Try it:
From the data below, copy exactly the lines that lie between the one holding "Умеют ли украинцы видеть финансовую выгоду?" and the one holding "بالصور صور اجمل", including both, and nothing more.

Supplied data:
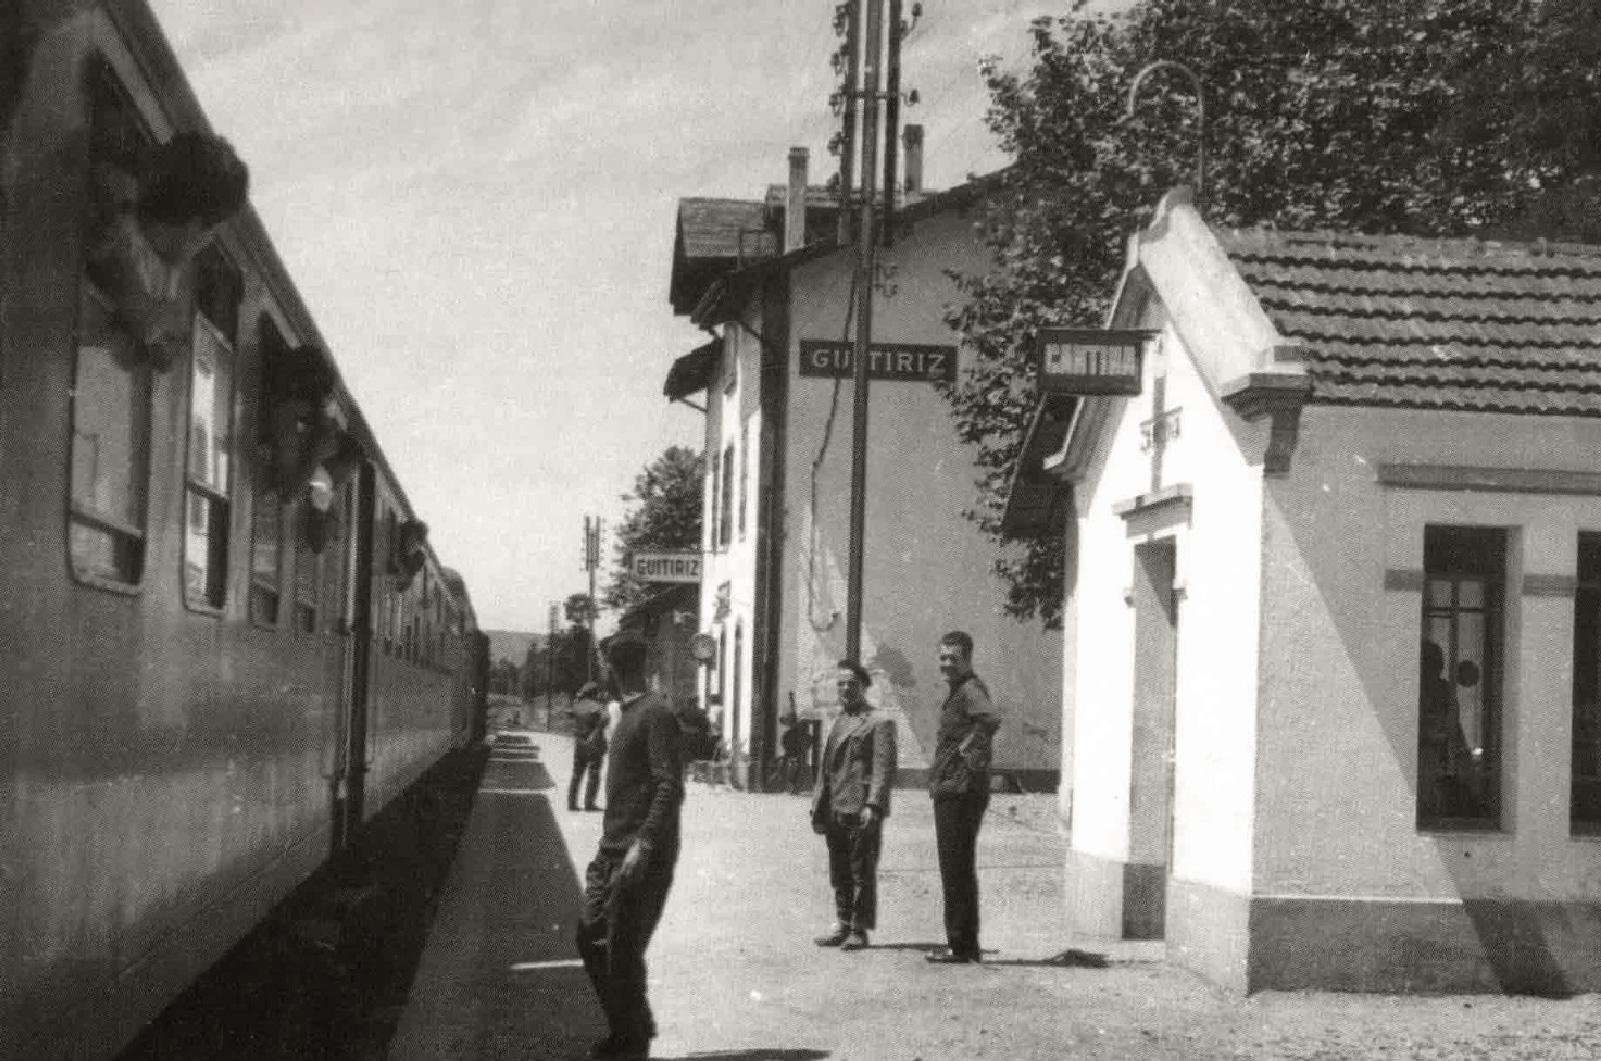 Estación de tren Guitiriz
---
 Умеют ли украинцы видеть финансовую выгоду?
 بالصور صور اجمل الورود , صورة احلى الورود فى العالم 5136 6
==
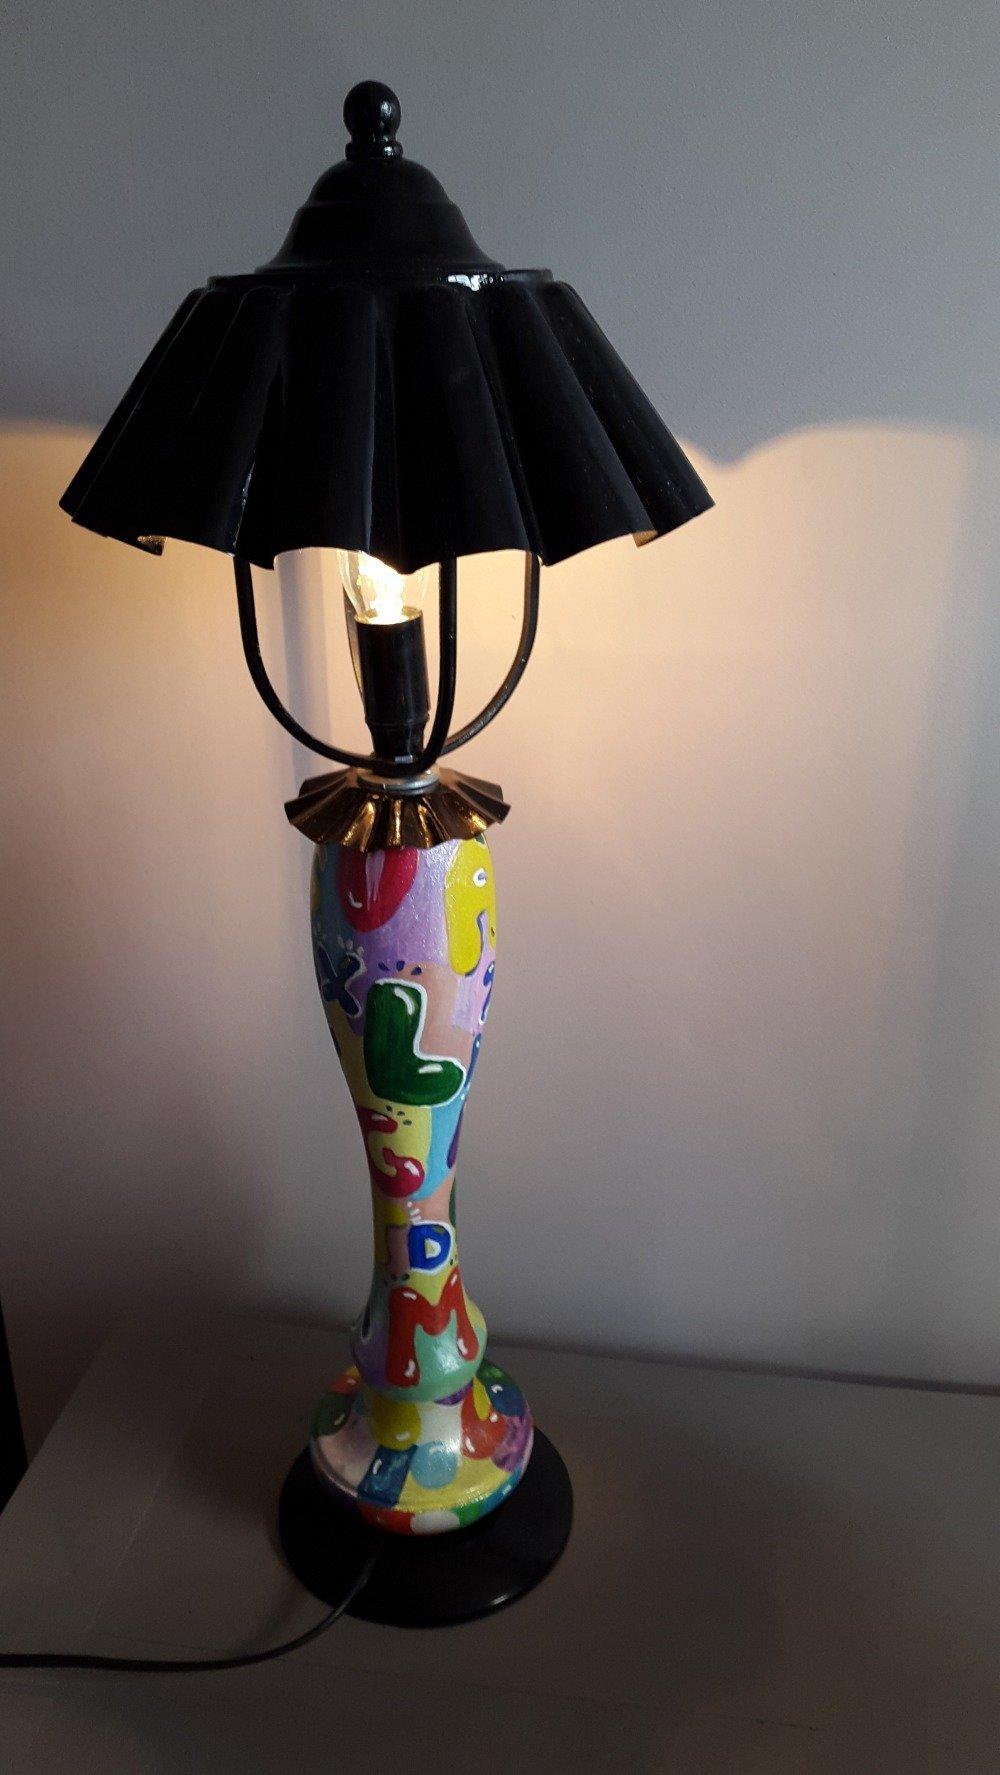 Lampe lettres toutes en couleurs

Exercise answer:
 Умеют ли украинцы видеть финансовую выгоду?
 بالصور صور اجمل الورود , صورة احلى الورود فى العالم 5136 6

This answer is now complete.